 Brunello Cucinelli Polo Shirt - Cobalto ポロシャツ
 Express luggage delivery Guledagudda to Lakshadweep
==
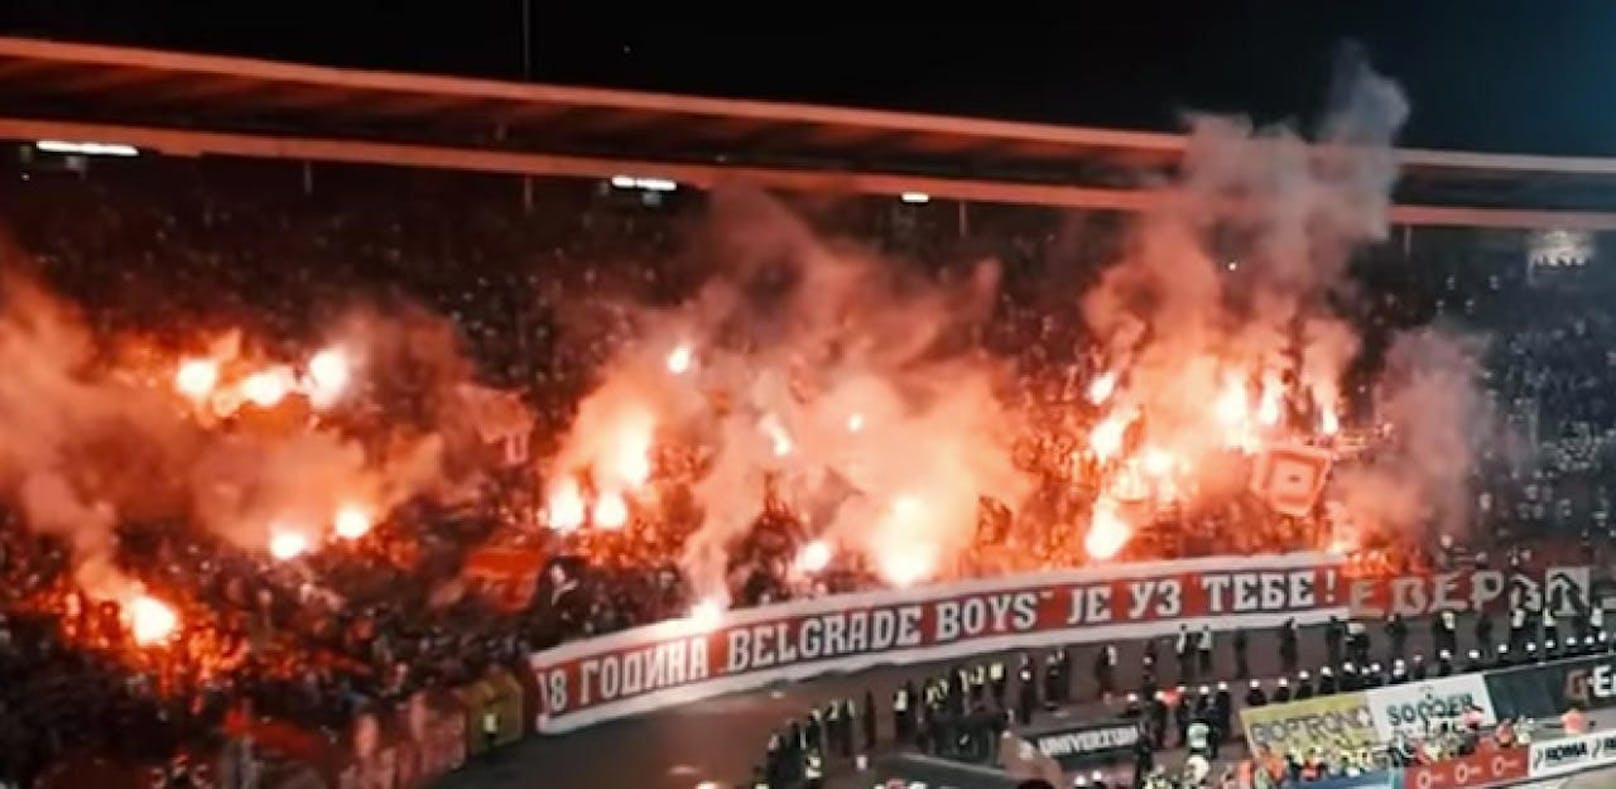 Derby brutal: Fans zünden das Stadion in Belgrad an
==
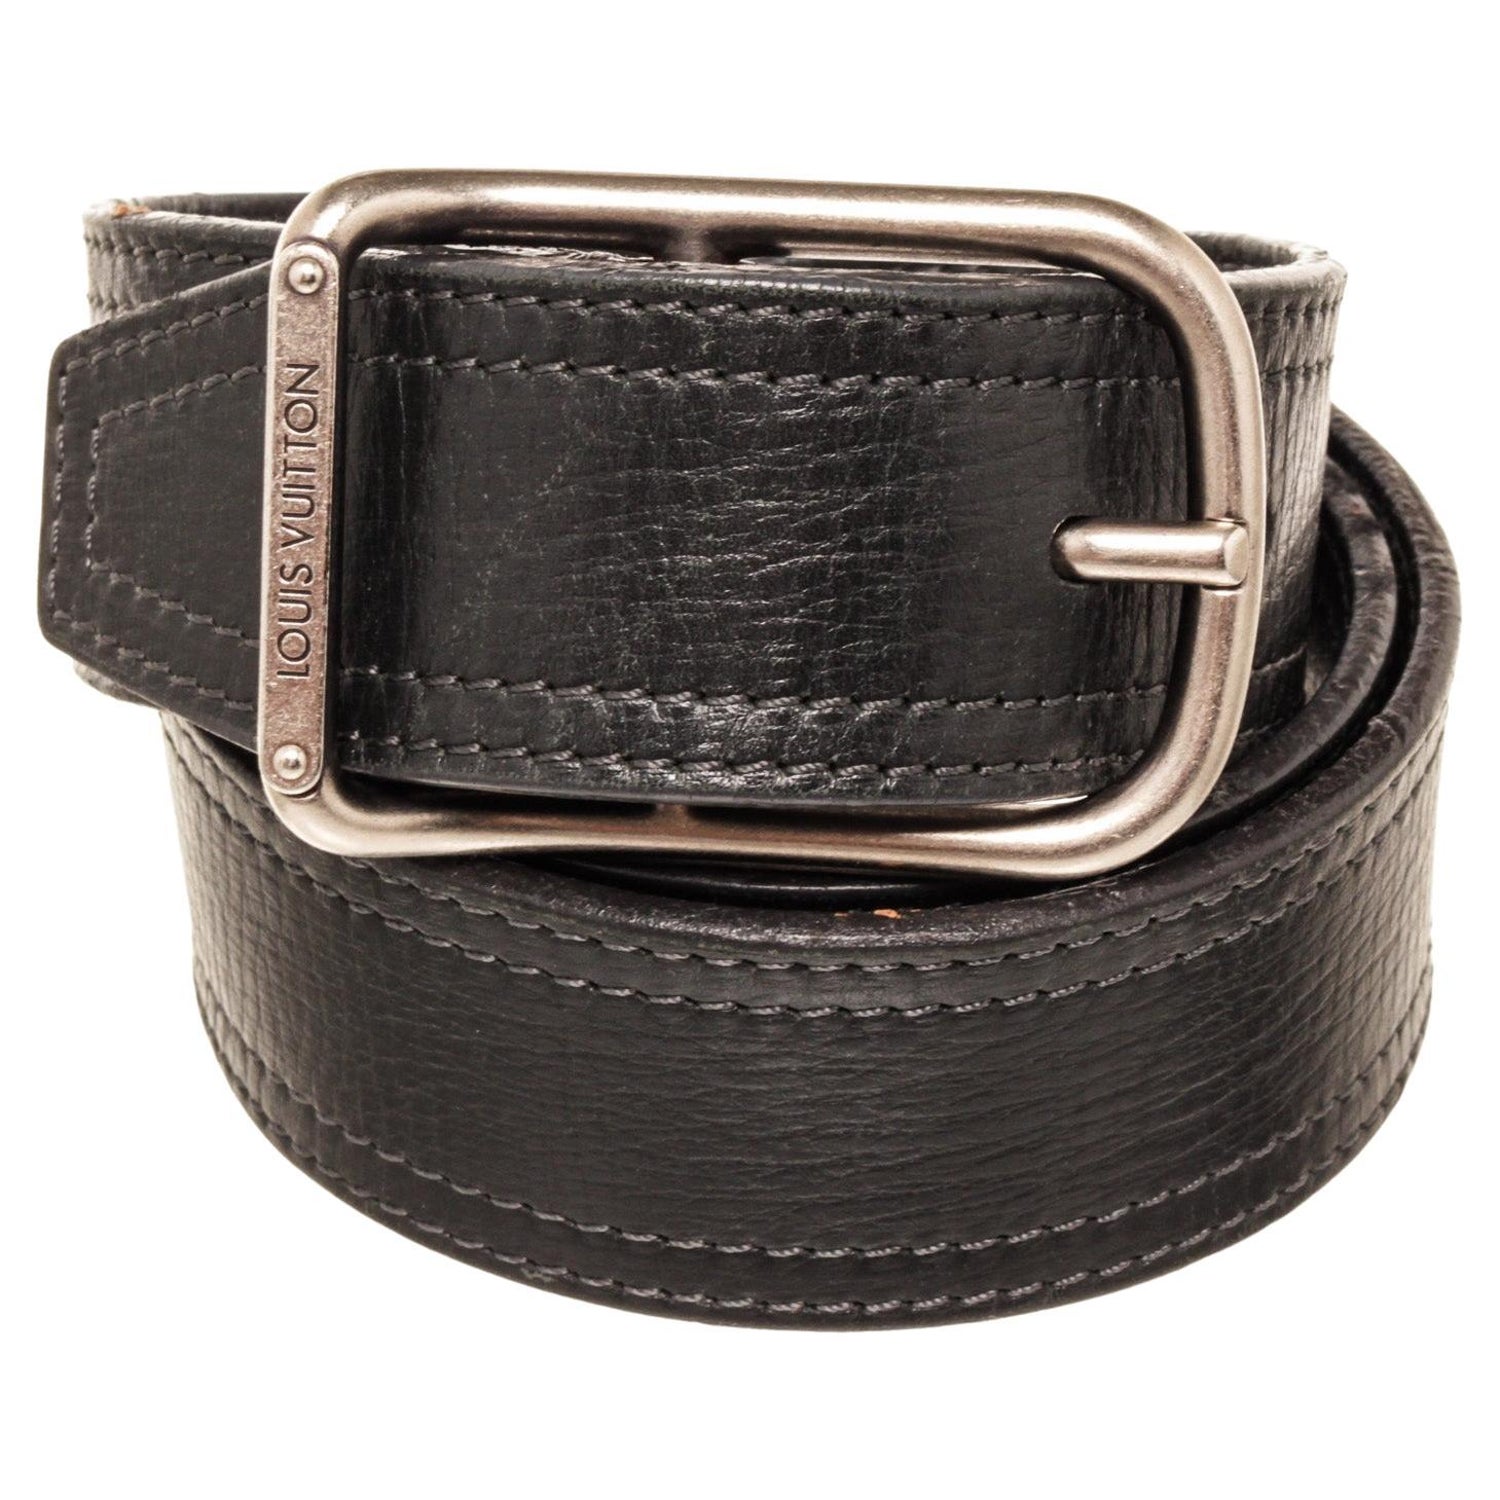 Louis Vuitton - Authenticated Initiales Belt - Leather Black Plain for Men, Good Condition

*THE TASK:* Write out exactly the lines above between the line with "Brunello Cucinelli Polo" and the line with "Express luggage delivery", inclusive, and nothing beyond them.

*ANSWER SPACE:*
 Brunello Cucinelli Polo Shirt - Cobalto ポロシャツ
 Express luggage delivery Guledagudda to Lakshadweep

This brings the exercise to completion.